[FFmpeg-devel] Memory leak using bitstream filters with shared libs

Uoti Urpala uoti.urpala
Sun Mar 9 21:16:11 CET 2008


On Sun, 2008-03-09 at 19:30 +0000, M?ns Rullg?rd wrote:
> Uoti Urpala <uoti.urpala at pp1.inet.fi> writes:
> 
> > On Sun, 2008-03-09 at 18:35 +0000, M?ns Rullg?rd wrote:
> >> Why can't the code that takes the address of a function get it from
> >> the GOT instead of returning the address of the PLT entry?  The only
> >> requirement for this to work would be forcing any functions whose
> >> addresses are taken to be resolved at load time.  There is no need for
> >> modifying code areas at runtime at all.
> >
> > That IS what happens in PIC code. The issue that started this thread
> > happened because there was non-PIC code using the address in the
> > process. I already explained in reply to your earlier mail that the code
> > generated for ffmpeg.c ("movq   $0x4038a0,0x48(%rsp)") writes a direct
> > value that is included in the assembler instruction itself. You need to
> > use -fPIC if you want the compiler to generate extra indirection through
> > the GOT.
> 
> So you're basically saying that calling PIC code from non-PIC code
> doesn't work reliably, and that you're fine with that?

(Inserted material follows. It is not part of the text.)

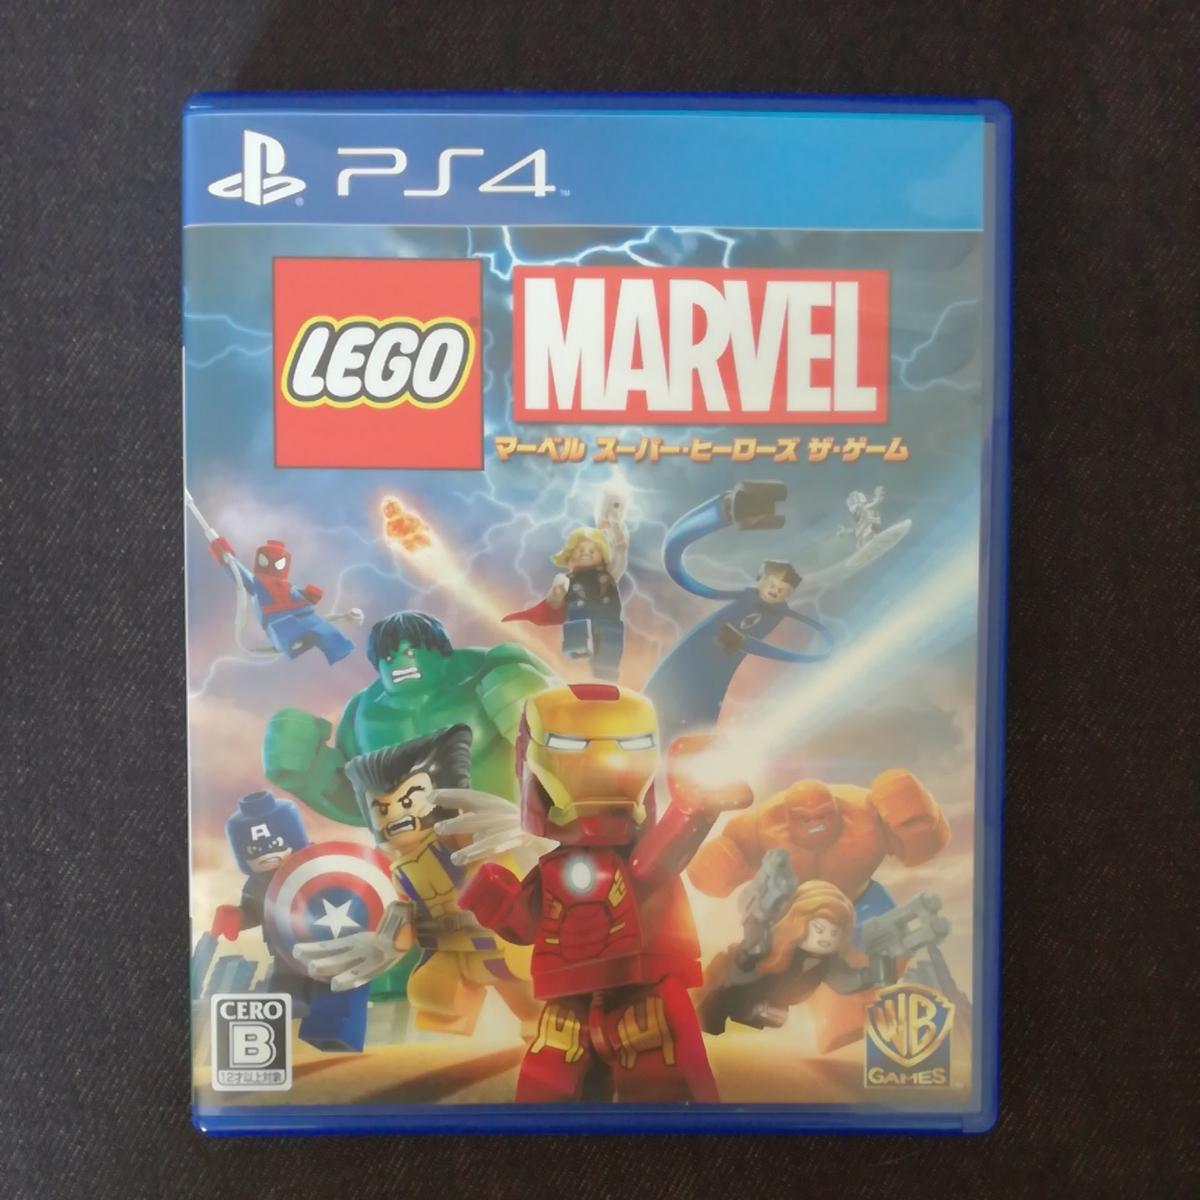 PS 4ソフト レゴマーベルスーパーヒーローズザゲーム LEGO MARVEL 美品 格安

No. Everything works reliably as long as you don't use -Bsymbolic. Even
if you do use -Bsymbolic calling still works reliably. What -Bsymbolic
makes unreliable is the addresses of objects defined in the library. For
functions code inside the library will see the address of the main
function while code outside the library may see an address in the PLT.
For other variables code inside the library will see the address of the
original variable whereas code outside may see a copy relocation. The
addresses outside can be the same if there is no non-PIC code that
references the symbol.

So basically IF you use -Bsymbolic AND do not compile the main program
with -fPIC then you can only rely on symbols defined in the library to
refer to similarly behaving objects inside and outside, not necessarily
to refer to the same object at the same address.